Their main patients, according to the Chinese Association of Plastics and Aesthetics, are women aged 20 to 45, who represent 64 percent of the industry's clientele. This segment of the population is estimated to be at least 90 million.

Meanwhile, experts say, young and beautiful people who still seek plastic surgery need to cultivate more self-awareness and self-acceptance.

"They've built their identity around the admiration of others and have failed to establish a system to assess themselves," said Zhu Wenbo, a psychologist with Blue Bay Psychological Consulting Center in Chengdu. "People's opinions always change, so this is not a reliable way to evaluate oneself The standard for judging oneself should be one's competence and capabilities."

Zhu pins part of the blame for the plastic surgery craze on false advertising, which "exaggerates the benefits and overlooks or never shows the risks". In his 12 years as a therapist, Zhu himself has become familiar with the consequences of those risks. "I've met several people whose faces were ruined by plastic surgery, and helping them recover is difficult."
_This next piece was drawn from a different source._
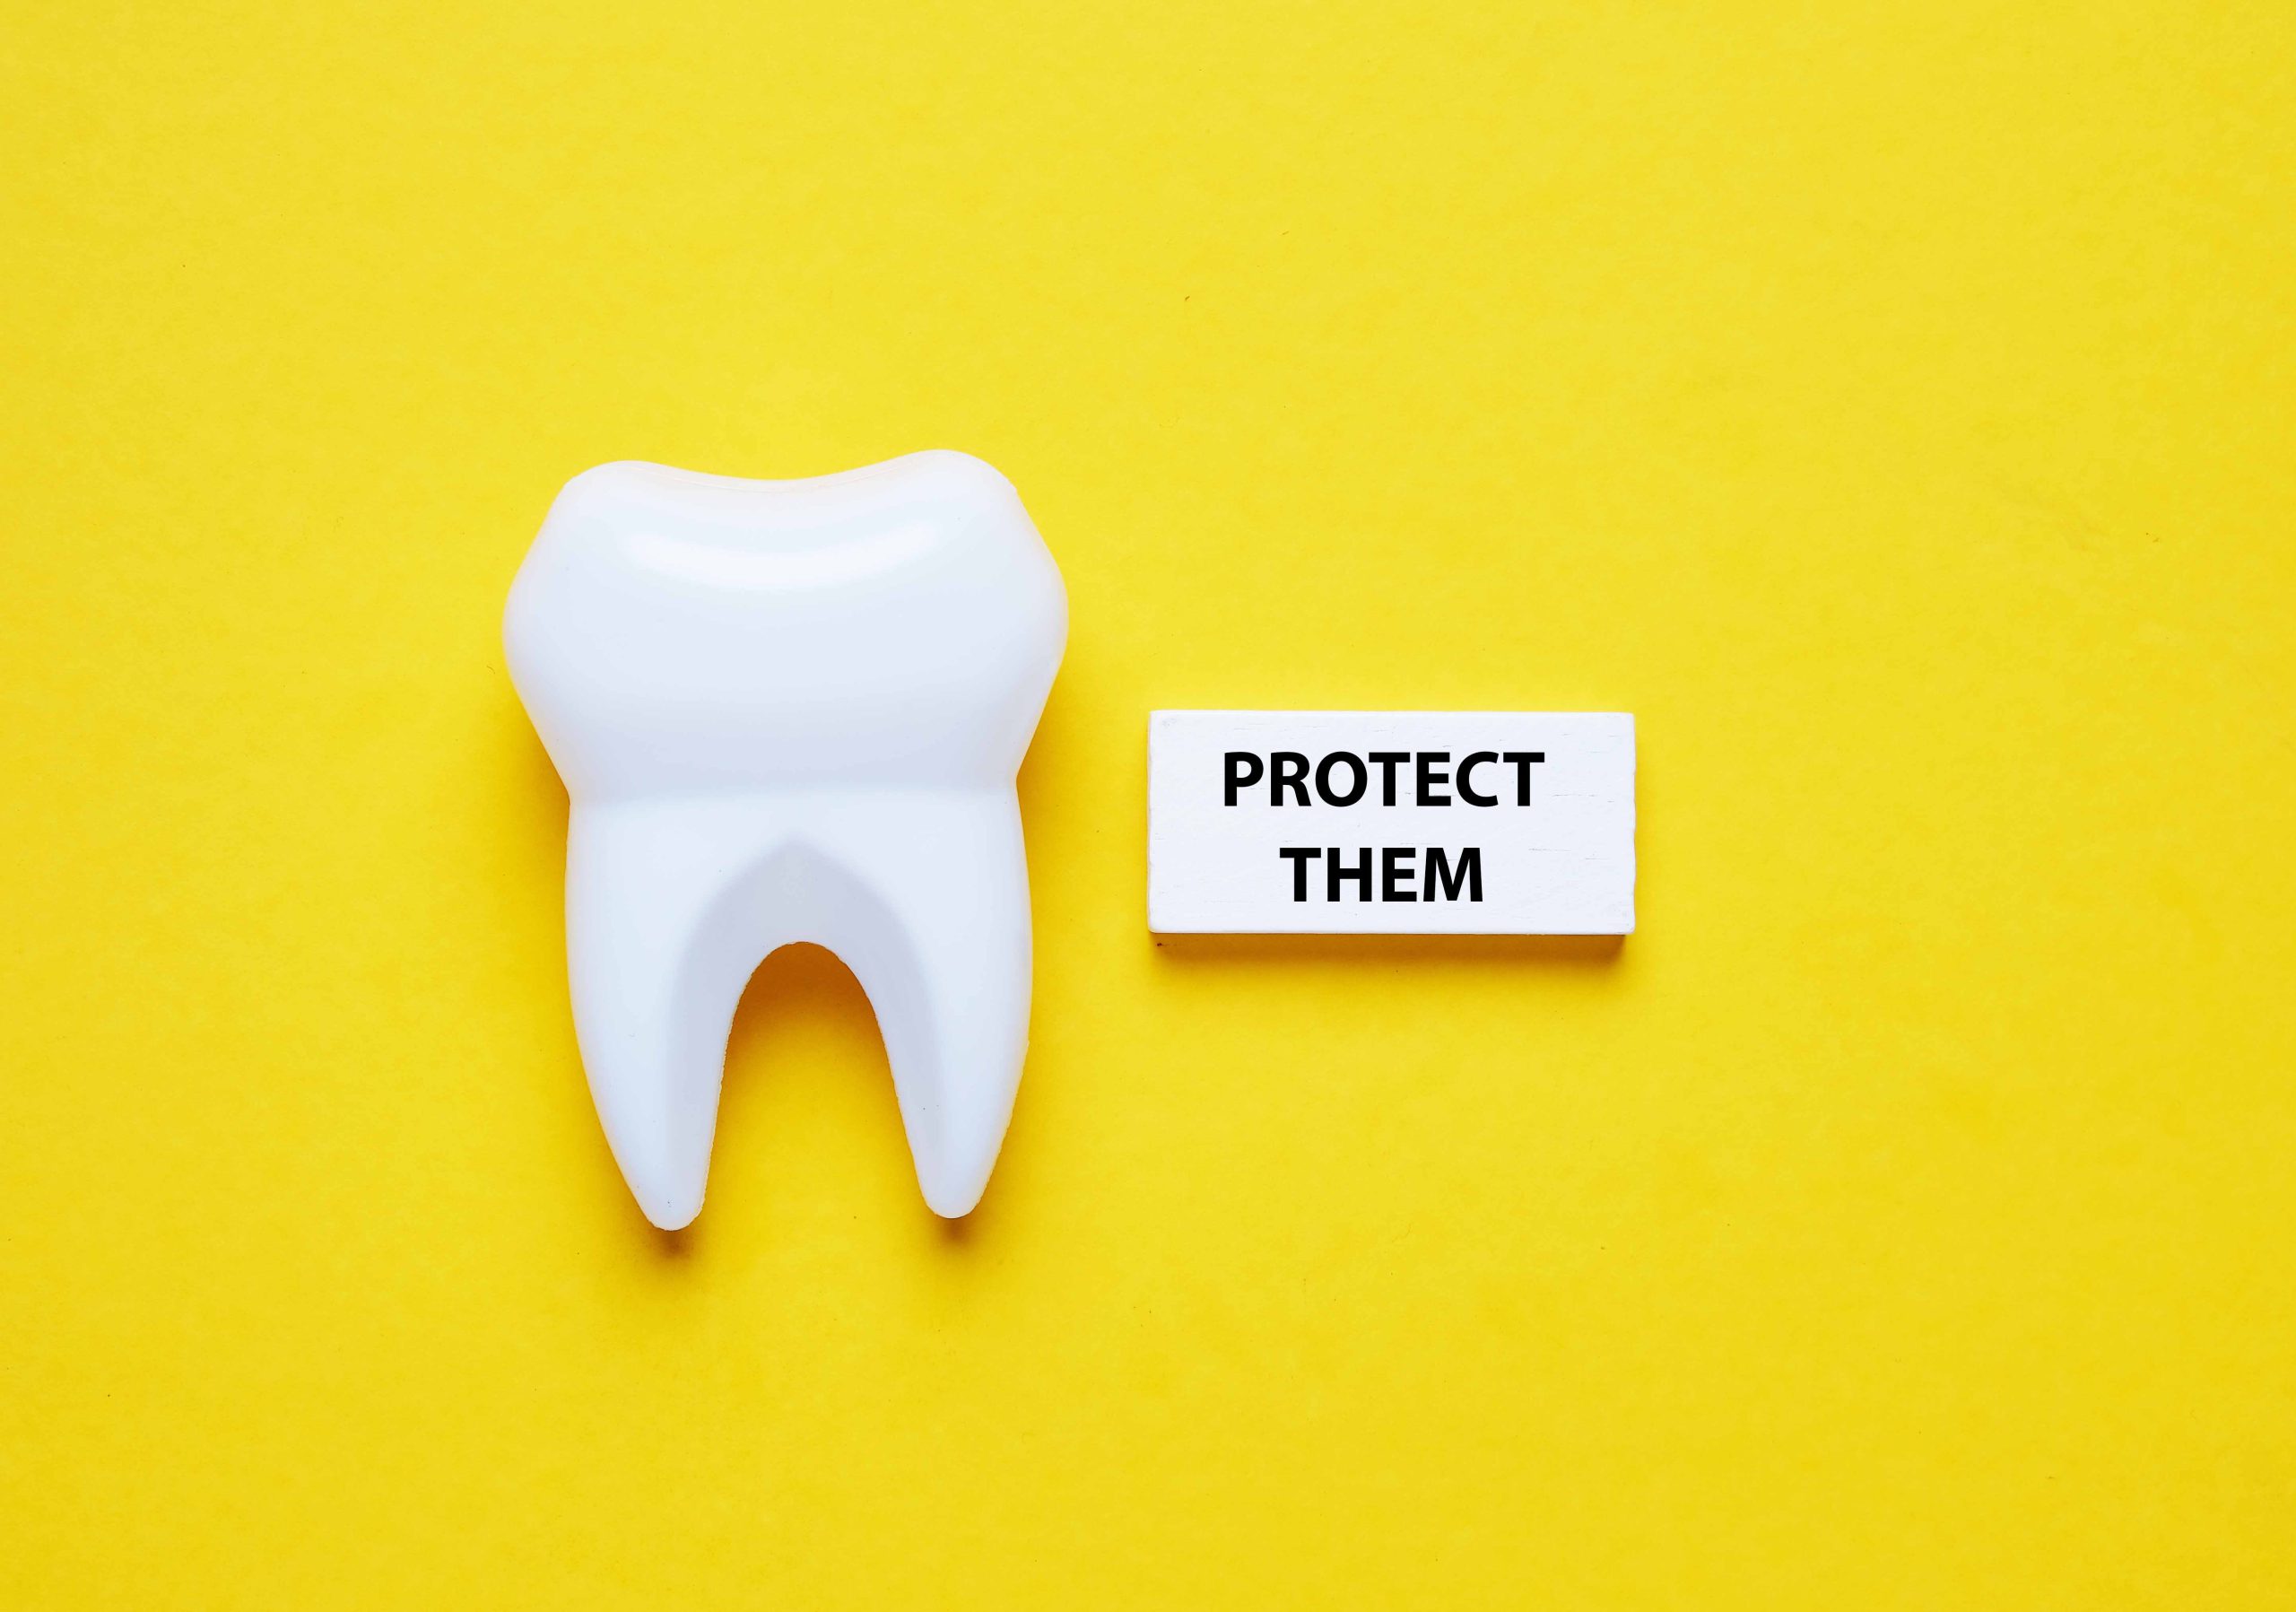 黄色い背景の前に1本の歯の模型と「PROTECT THEM」と書かれたプレートが置かれている

The growing demand for plastic surgery in China has resulted in a rise in the number of unauthorized or second-rate business establishments conducting such procedures.

A recent inspection of 11 plastic surgery clinics and hospitals in one provincial capital revealed that fewer than half met government standards, according to the Ministry of Health. And in the past decade at least 200,000 lawsuits have been filed by patients unhappy with the outcome of their surgery, the ministry says.

"There is a lack of well-trained surgeons to keep up with the booming demand," plastic surgeon Ding Xiaobang says.